Does anybody know if John Frieda's products are the right choice ? I did a search on VB but couldn't find anything about it. I try to change my haircare ,I would like to try John Frieda's Frizz Ease before making a decision .My friend tells me the humidity in Missouri is making my hair look submissive and lustrous .

Thanks!

Ally.


----------



## cherryblossom13 (Apr 8, 2010)

I used to use it all of the time! I love it, and I think it is a great product. Try it!


----------



## Dragonfly (Apr 8, 2010)

I think the Frizz Ease Hair Serum that you apply after washing/conditioning works pretty good.

Apply it to your hair, while your hair is quite wet. Then blow dry/flat iron.

You can also apply a very small amount on hair after you have finished styling.

I have seen individual packets of Frizz Ease Serum in drug stores. This way you can try it a couple of times and decide if you like it, before buying a large bottle for about $10.


----------



## magosienne (Apr 10, 2010)

It's good but pricey, so if you can, get a small bottle before you decide to buy a larger one.


----------



## Minka (Apr 10, 2010)

I used to use it religiously for years, but since I straighten my hair and/or keep it up most of the time now, then I don't need to use it as much anymore.

Anyways, it's a great product! Just be careful not to use too much or your hair will look like a grease ramp




.


----------



## leimei00 (Feb 14, 2011)

to control frizz, I do use the John Frieda serum in combination with the Shielo Hydrate Mist throughout the day.  Use the John Freda serum after you finish styling, and then keep the Shielo Hydrate Mist in your purse and throughout the day spray it to refresh your hair.

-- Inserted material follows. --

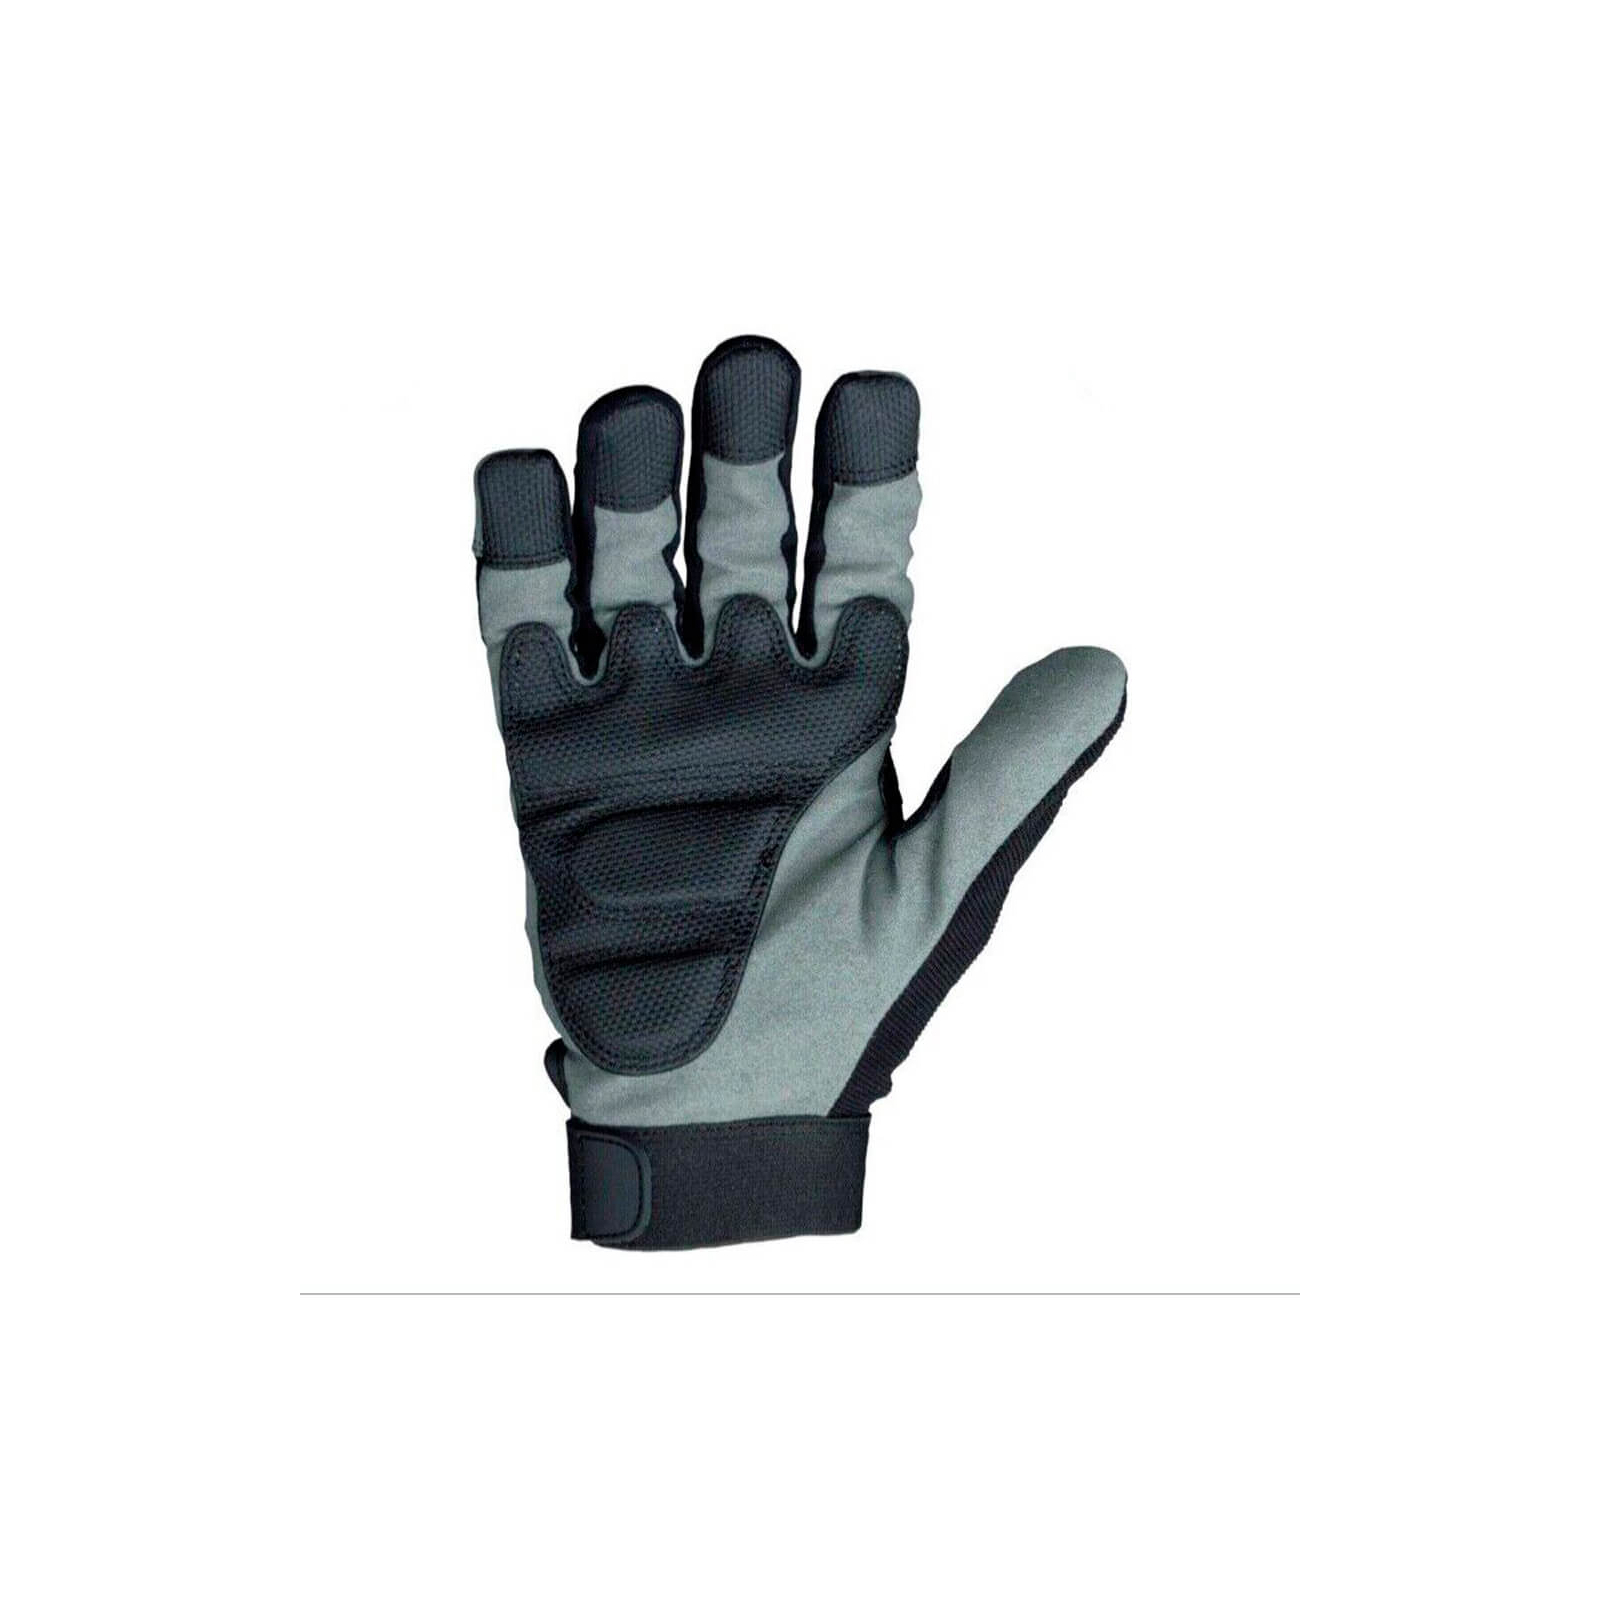 Защитные перчатки DeWALT разм. L/9, с накладкой ToughThread™ и гелевой вставкой (DPG33L) изображение 2

This usually helps me when after a long day, I can just spray it, leave the office, and my hair looks ready to go out for the night - which is great!


----------



## Kitytize (Mar 28, 2011)

I've been using JF Frizz-Ease Leave-in conditioning spray for 2 months now and it has been working pretty good for me. I'd definitely like to try more from JF.


----------